▸ Problem requirements
Return the lines that run from the line containing "Купить Смартфон Xiaomi" through the end of the entries, both ends included. Leave out all pictures.

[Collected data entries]
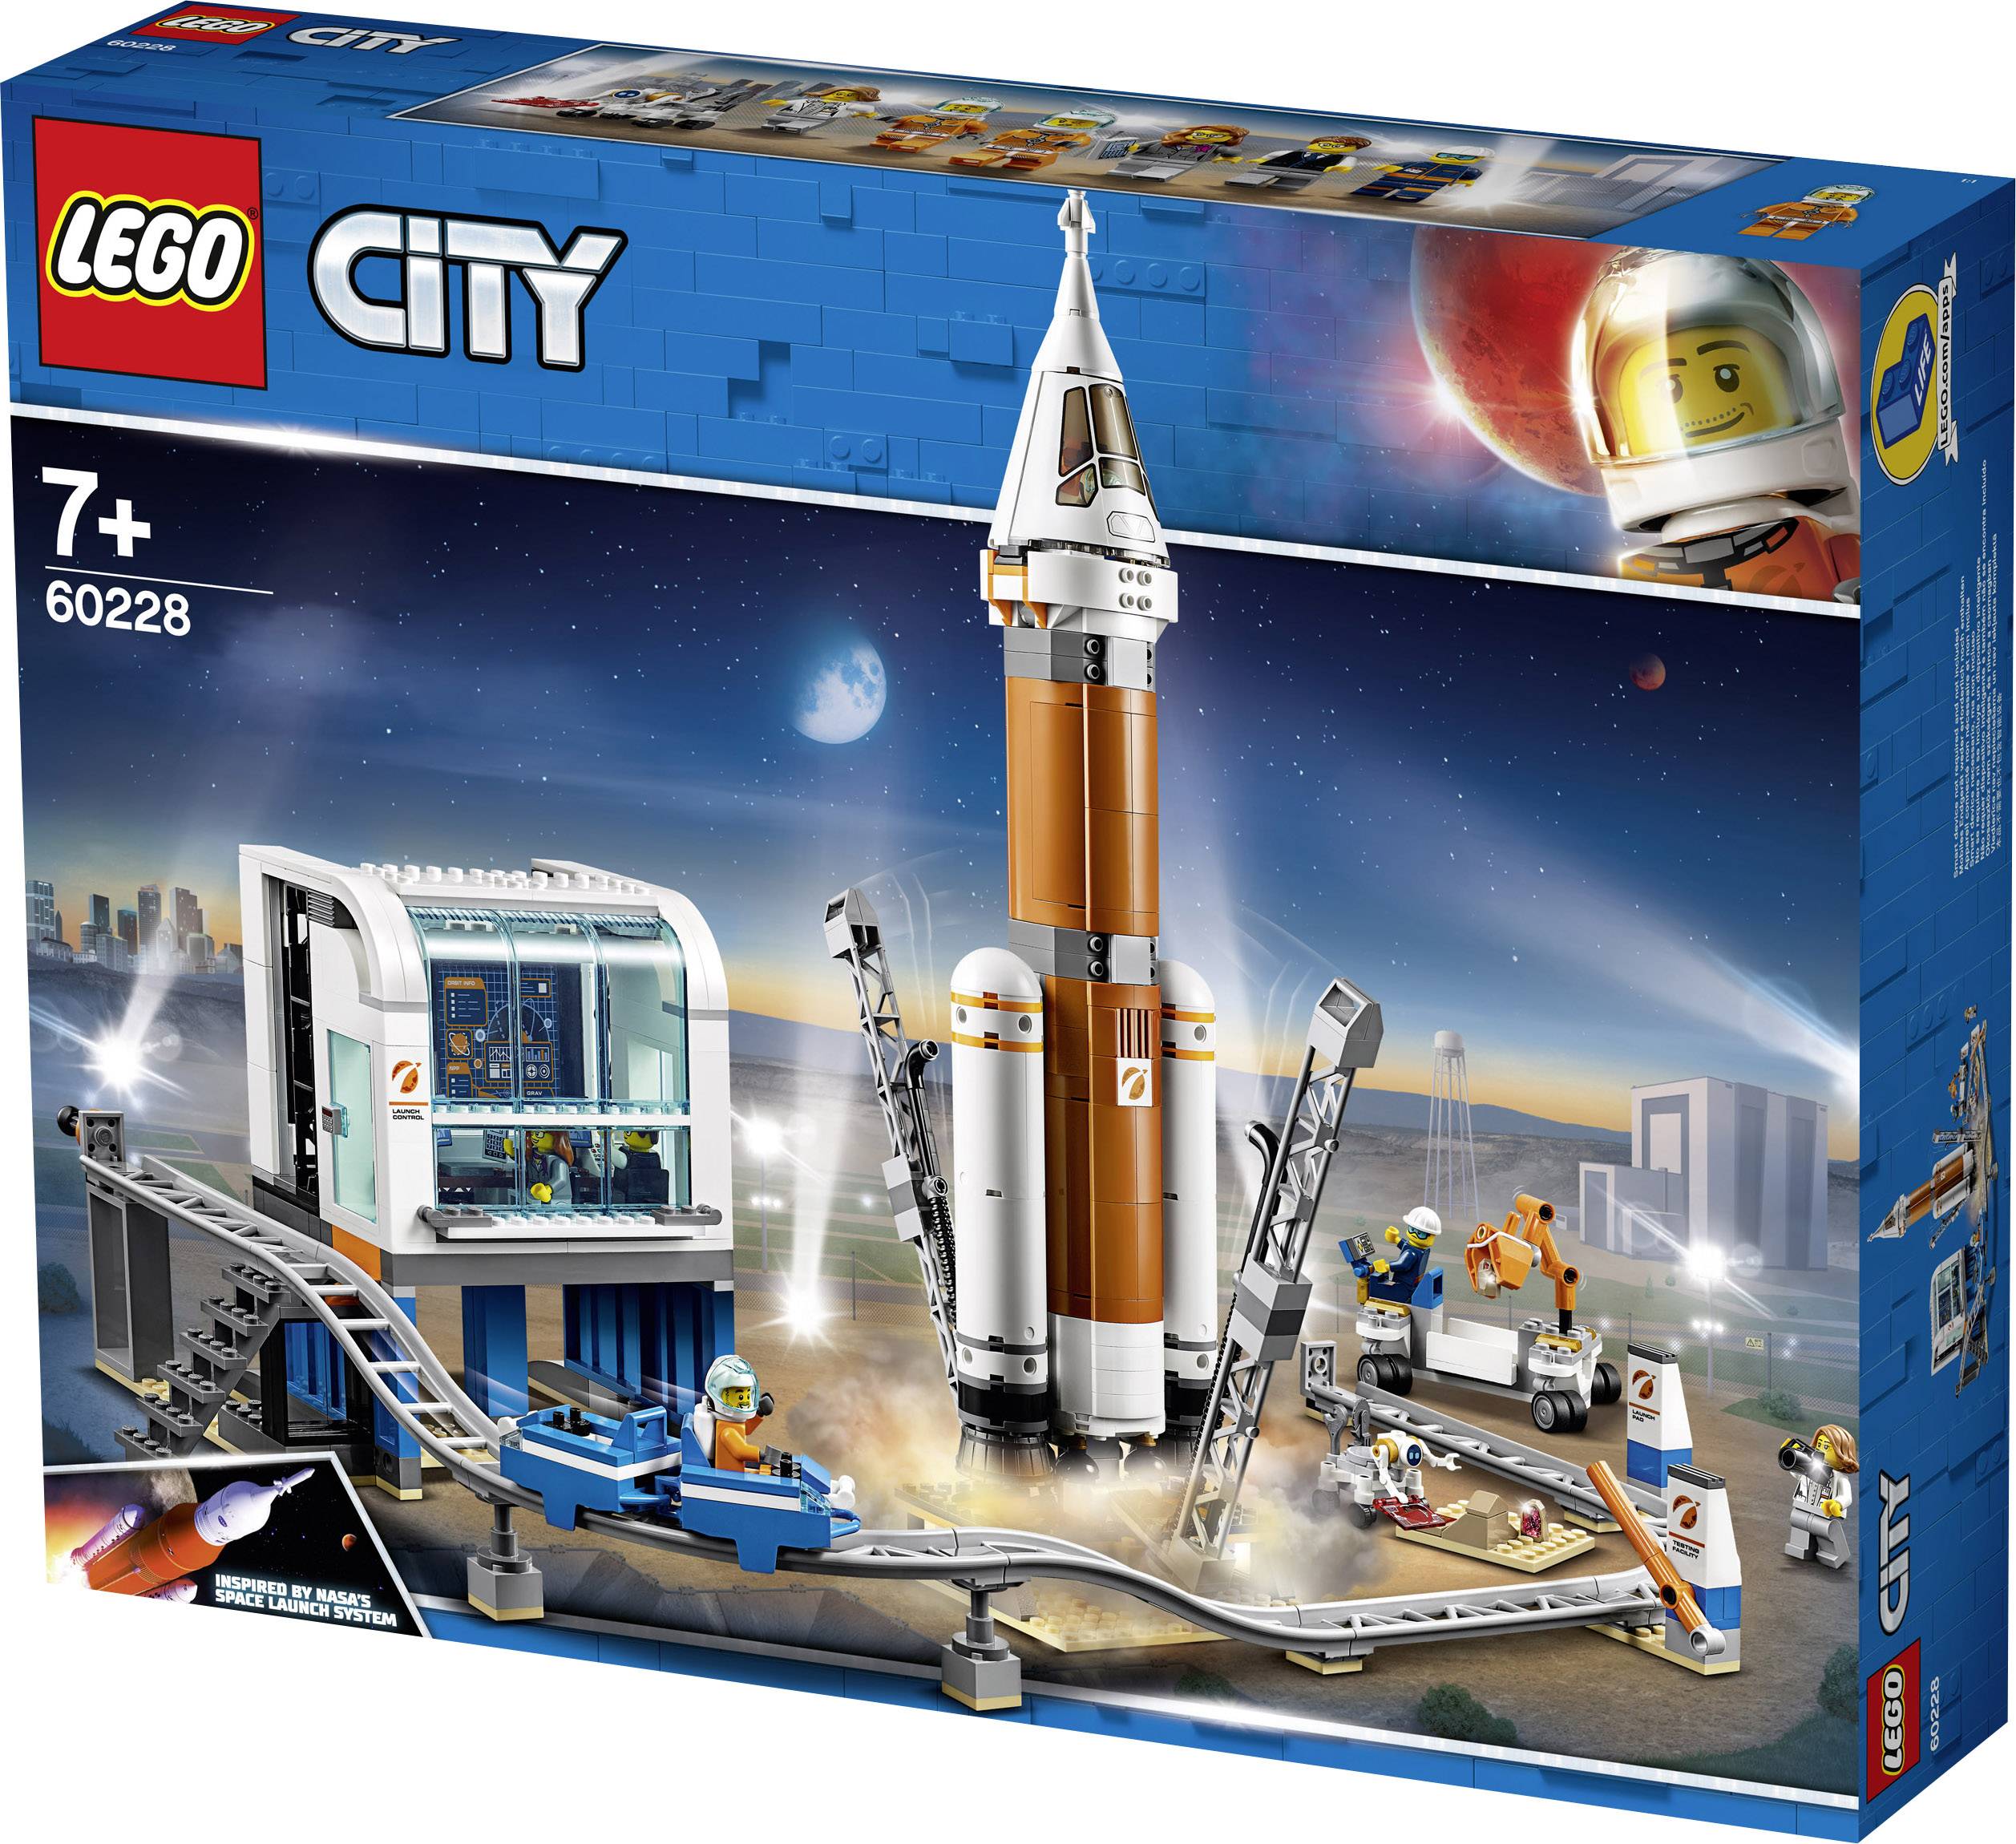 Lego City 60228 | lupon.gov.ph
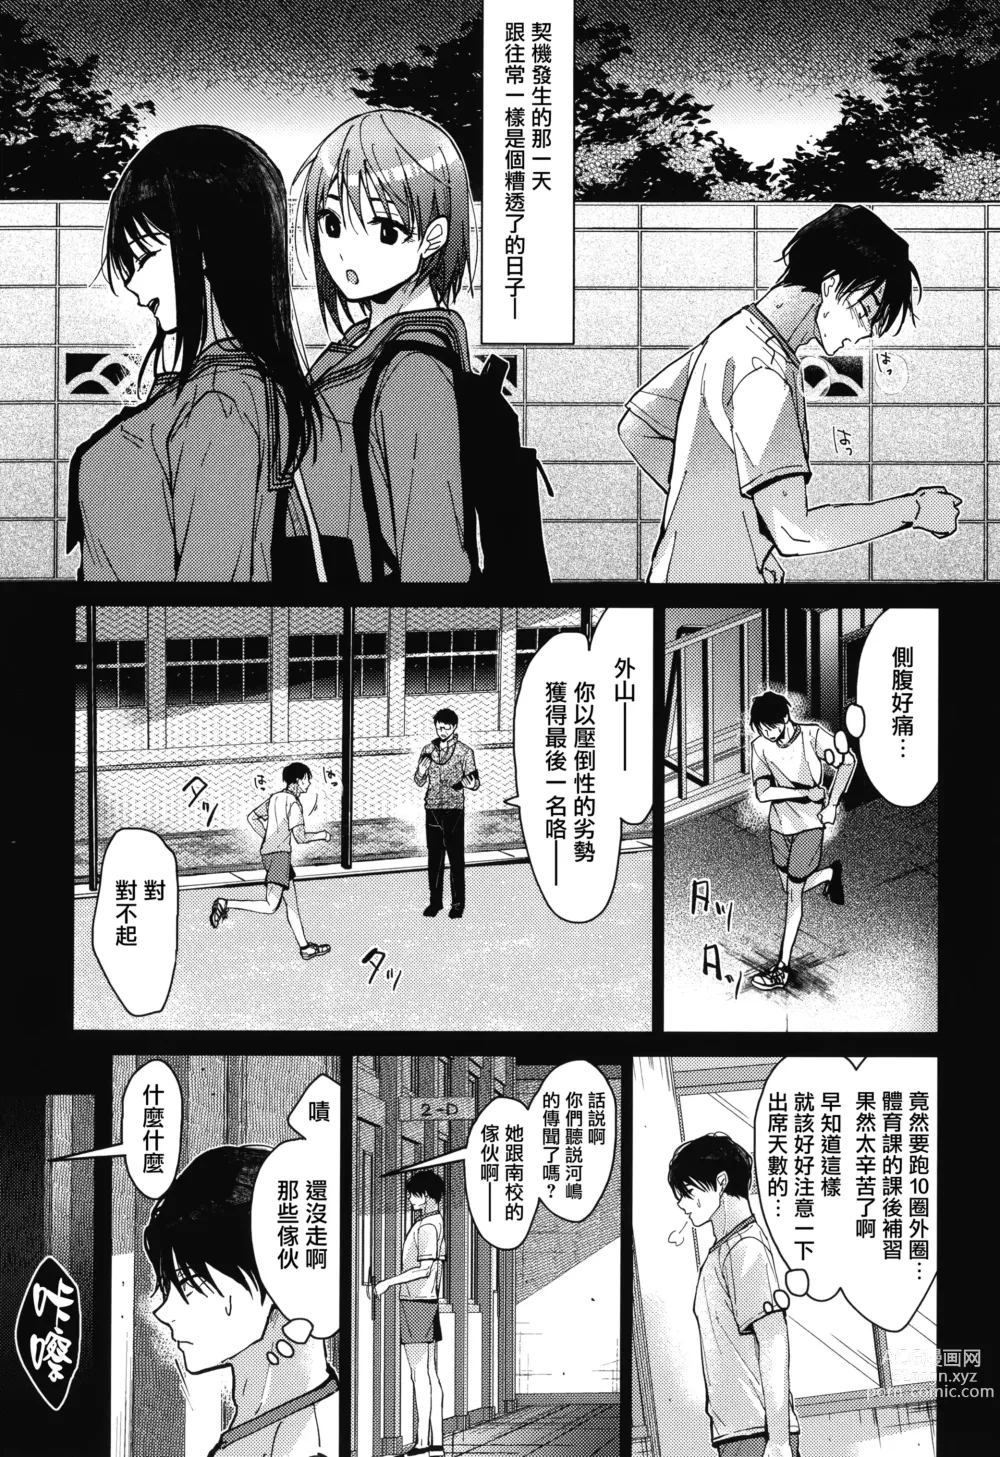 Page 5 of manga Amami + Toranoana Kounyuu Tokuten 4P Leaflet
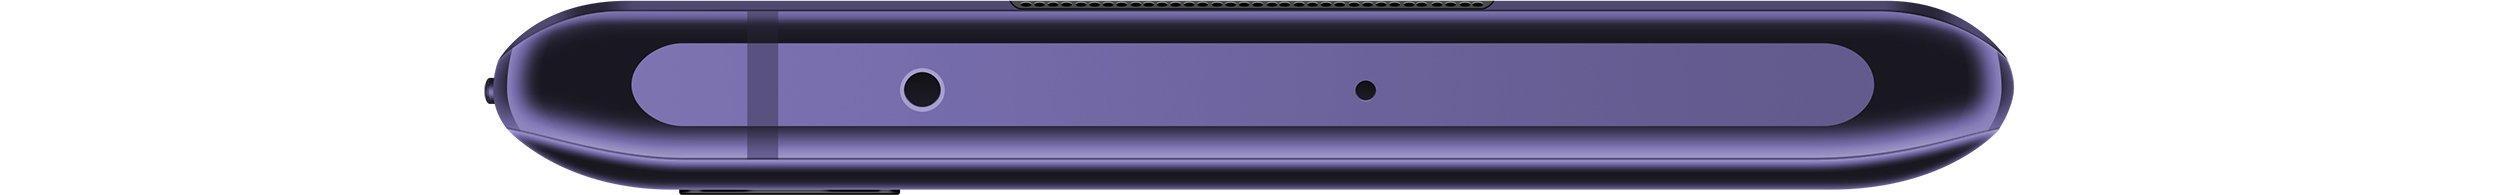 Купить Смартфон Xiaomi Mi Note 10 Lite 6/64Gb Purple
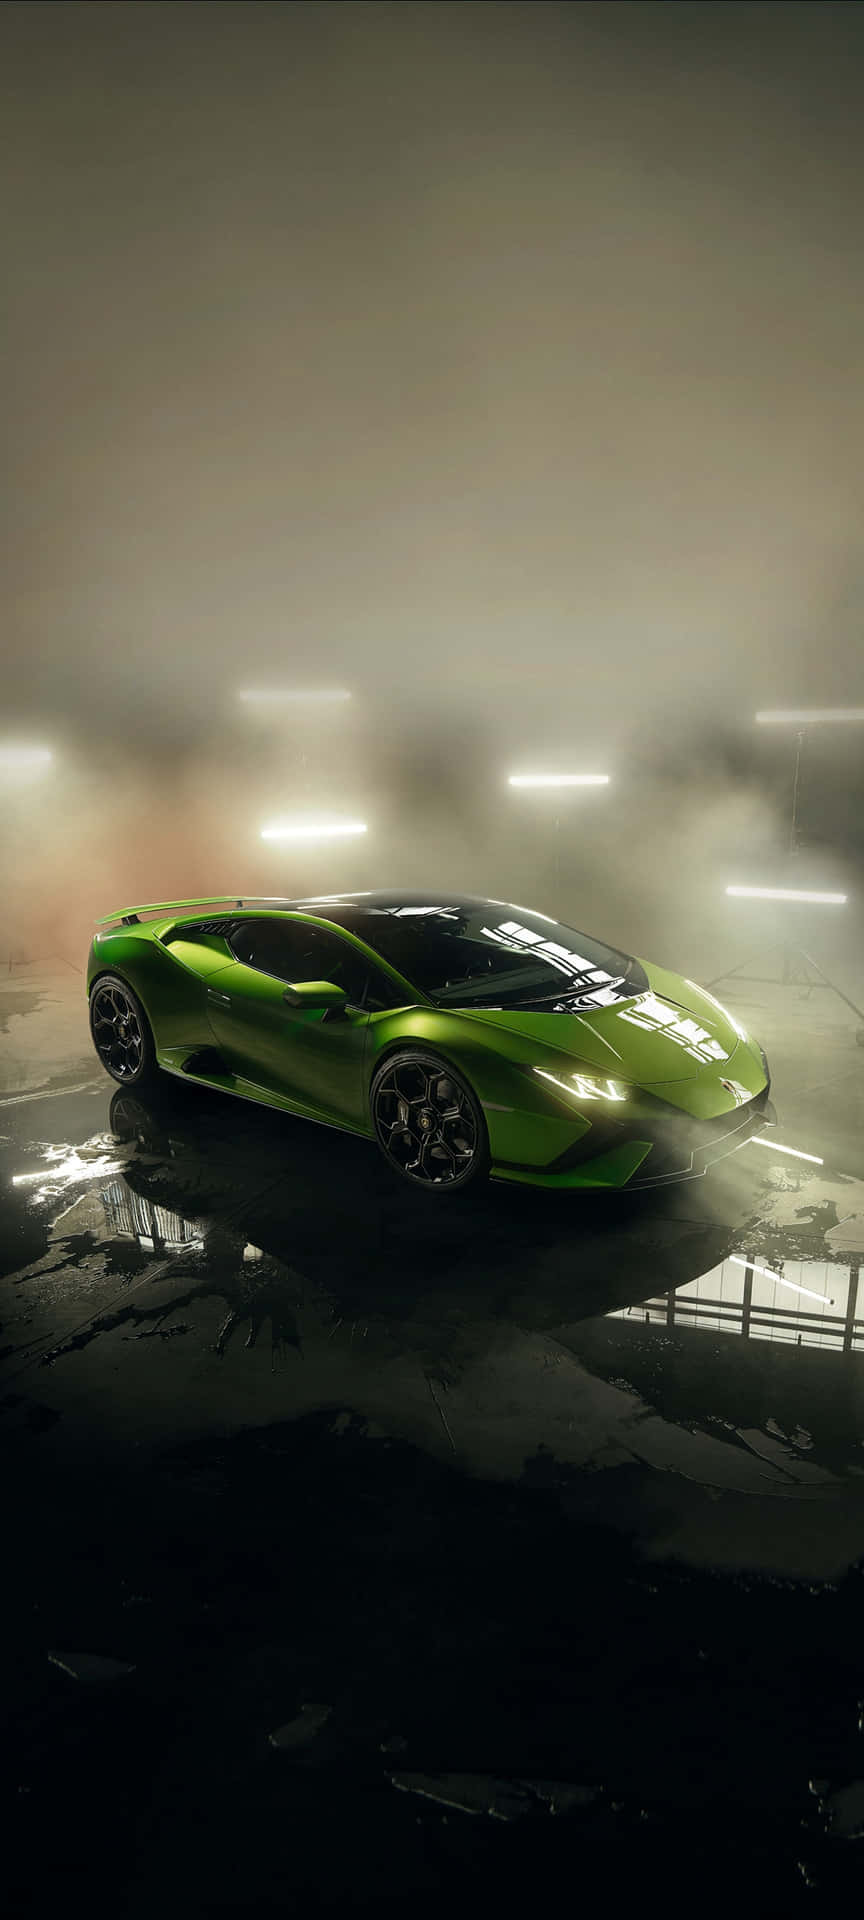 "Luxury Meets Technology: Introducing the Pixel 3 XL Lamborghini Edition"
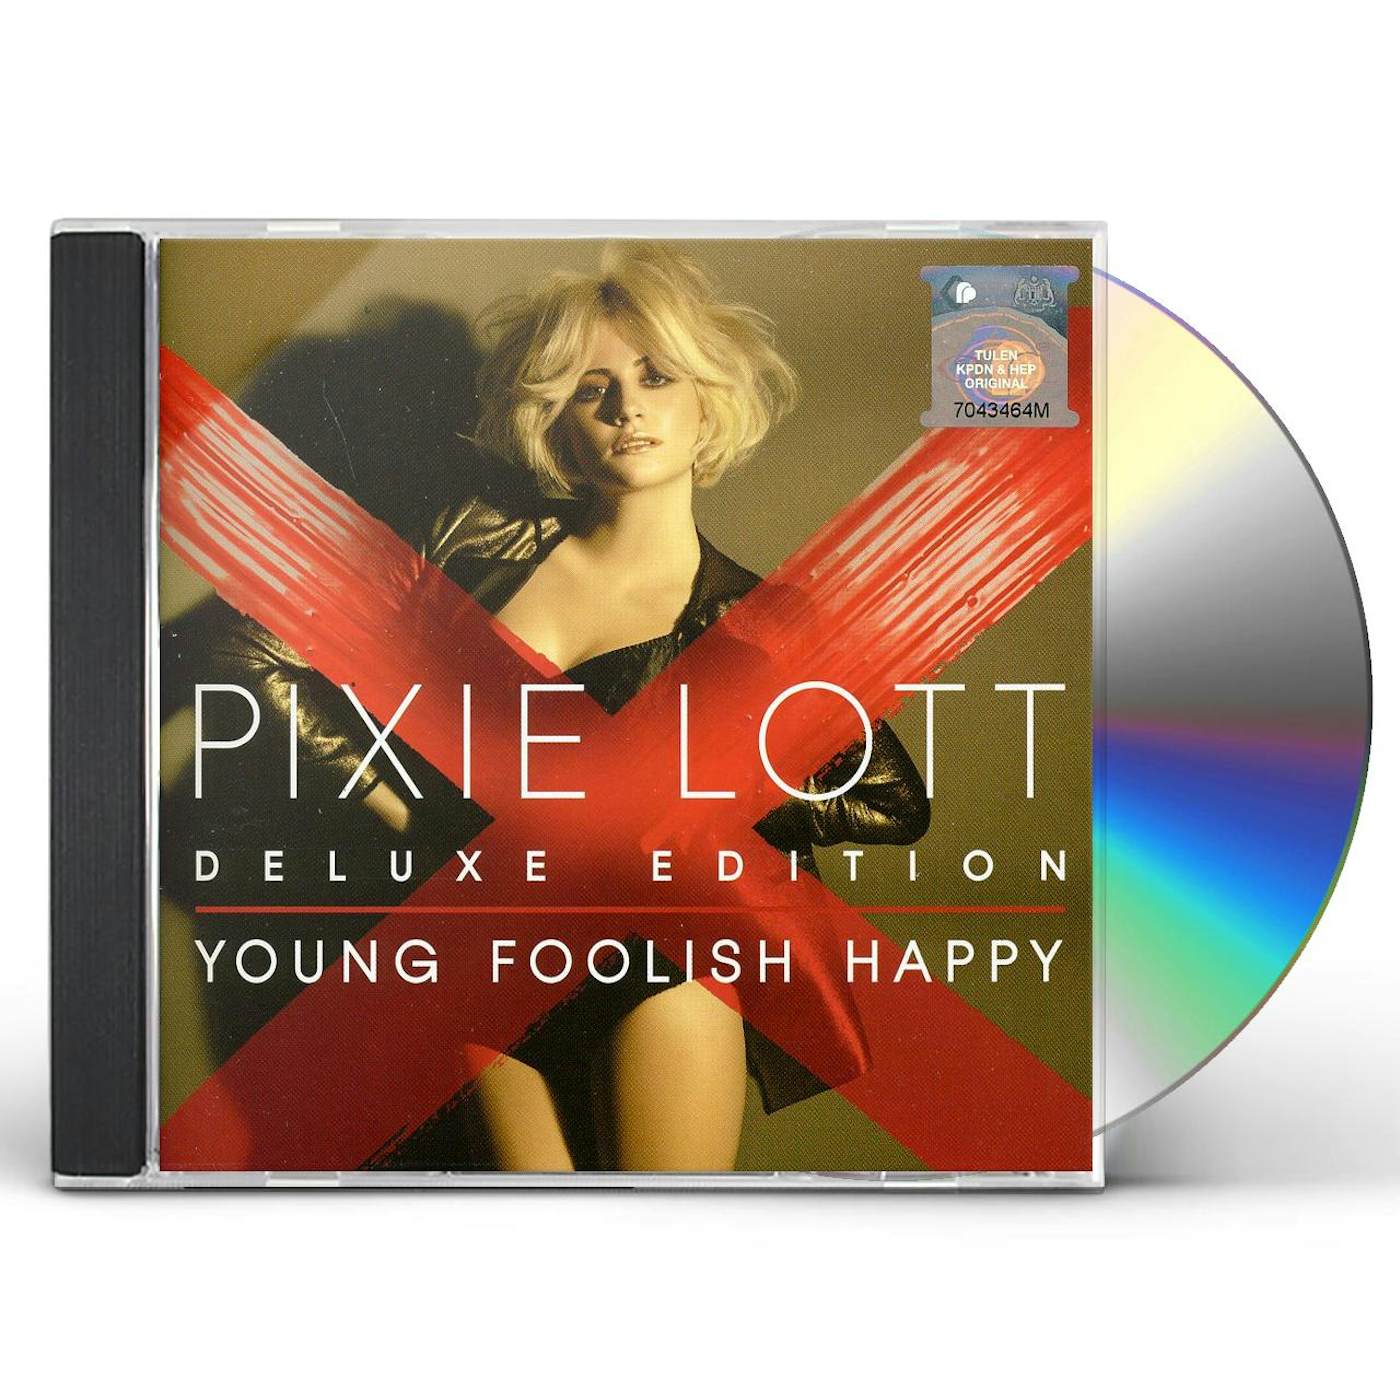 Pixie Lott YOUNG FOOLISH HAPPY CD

▸ Exercise answer
 Купить Смартфон Xiaomi Mi Note 10 Lite 6/64Gb Purple
 "Luxury Meets Technology: Introducing the Pixel 3 XL Lamborghini Edition"
 Pixie Lott YOUNG FOOLISH HAPPY CD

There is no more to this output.